Senior US Republican and Democratic lawmakers proposed targeted sanctions and travel restrictions on Myanmar military officials on Thursday over the treatment of the country’s ethnic minority Rohingyas, one of the strongest efforts yet for Washington to intervene in the humanitarian crisis.
Announced the day before Republican president Donald Trump leaves on his first trip to Asia since taking office, the legislation would reimpose some sanctions lifted last year as Myanmar returned to democracy. It would bar the United States from supplying most assistance to the country’s military until it has been certified that perpetrators of atrocities against the Rohingya are being held accountable.
The measure does not target Burmese leader Aung San Suu Kyi, head of Myanmar’s civilian-led government and a Nobel peace laureate who still enjoys strong support among some US officials.
But congressional aides said it is intended to underscore a strong desire among many members of Congress for her to do more to help the Rohingya.
The bill is sponsored by lawmakers including the Republican Senate Armed Services Committee chairman John McCain, and Senator Ben Cardin, the top Democrat on the Senate Foreign Relations Committee, according to an early summary of the bill seen by Reuters.

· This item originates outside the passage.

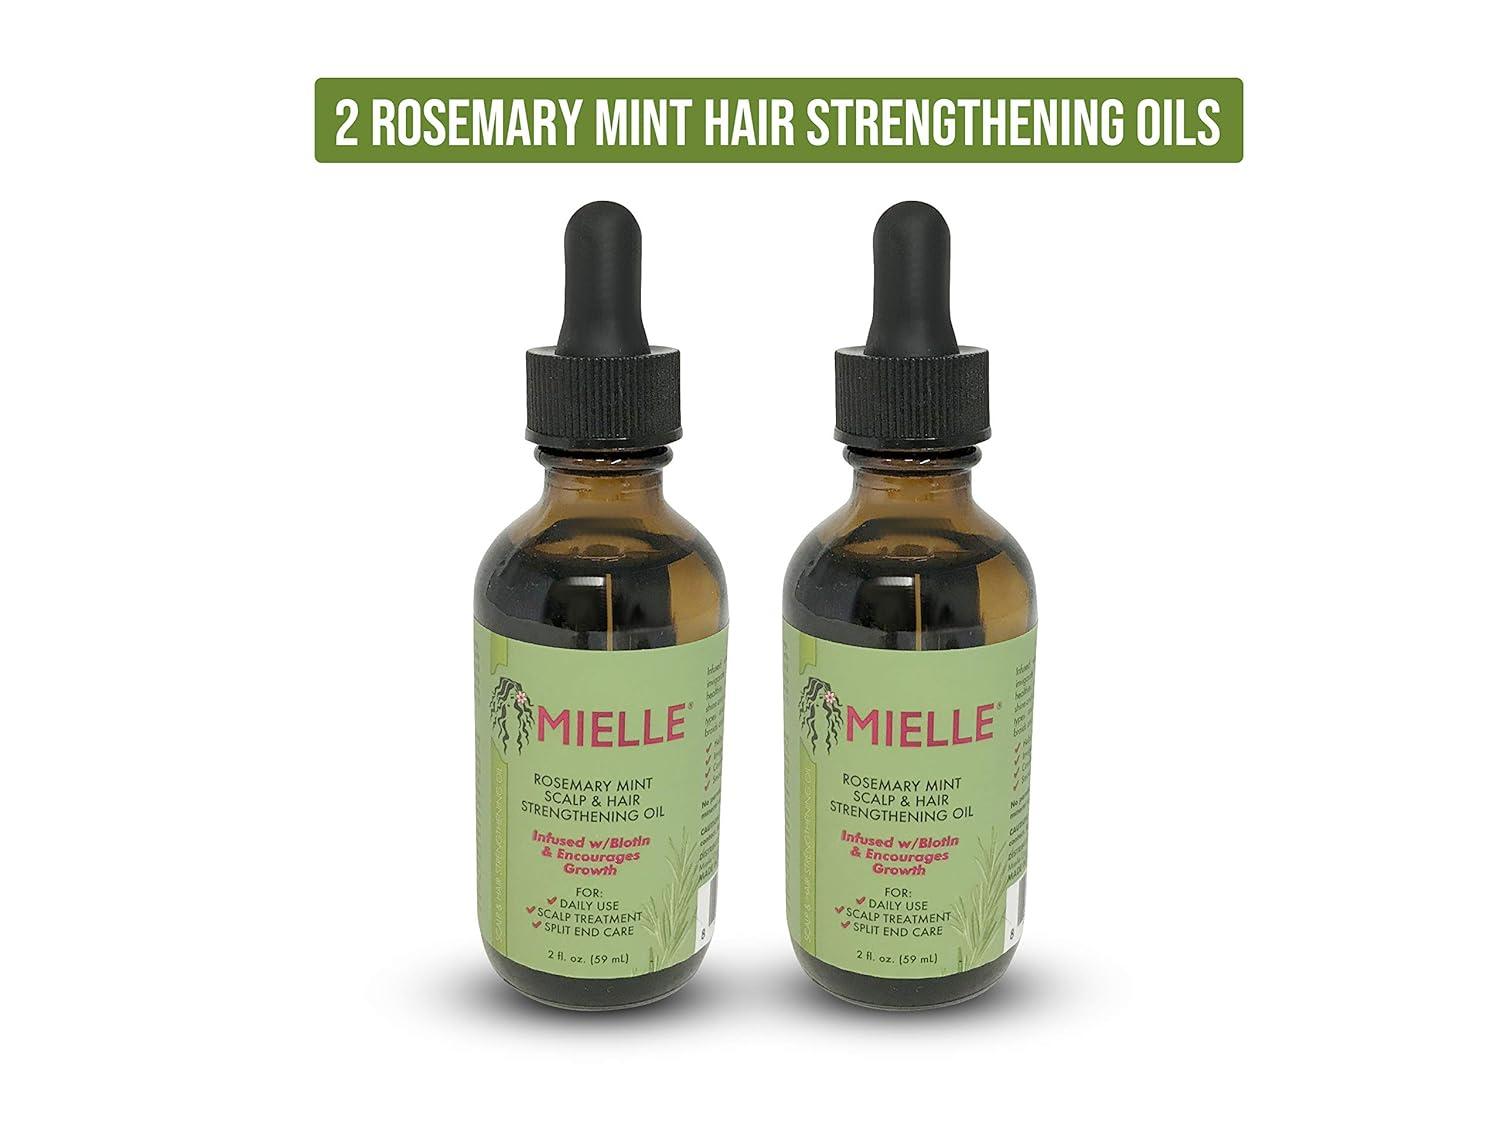 Mielle Organics Rosemary Mint Growth Oil 2 oz, Strengthening Hair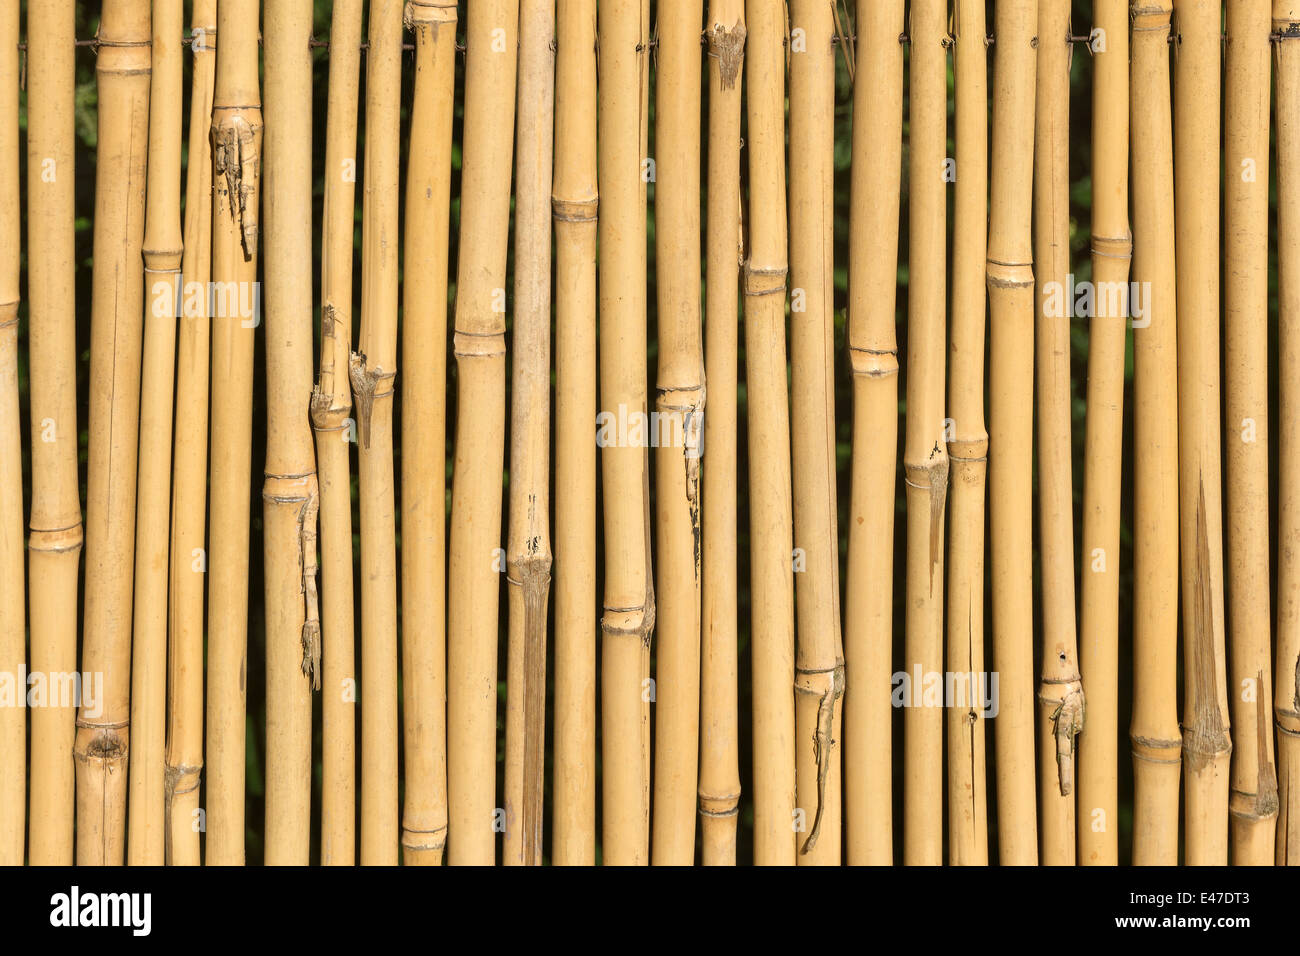 Canna di bambù immagini e fotografie stock ad alta risoluzione - Alamy

Among other things, it re-imposes a ban on jade and rubies from Myanmar, requires a report on which individuals should be subjected to visa bans and targeted sanctions, and instructs the US Treasury Department to support only international financial assistance programs that do not partner with enterprises owned by the Myanmar military.
A companion bill is also being introduced in the House of Representatives. That measure also has bipartisan support, led by Representative Eliot Engel, the top Democrat on the House Foreign Affairs Committee, and Republican Representative Steve Chabot, another foreign affairs panel member, increasing the measure's chances of eventually becoming law.
Members of Congress have been clamouring for a strong response to the plight of the Rohingya, and the Trump administration has been weighing labelling their treatment ‘ethnic cleansing.’
The State Department announced on Thursday that Secretary of State Rex Tillerson would accompany Trump on his trip to Asia, but that Tillerson would also make a stop in Myanmar.
More than 600,000 Rohingyas have fled Rakhine state in Buddhist-majority Myanmar, mostly to neighbouring Bangladesh, since security forces responded to Rohingya extremists’ attacks on August 25 by launching a crackdown that has included reports of burnt villages and widespread killings. The United Nations has already denounced it as a classic example of ethnic cleansing.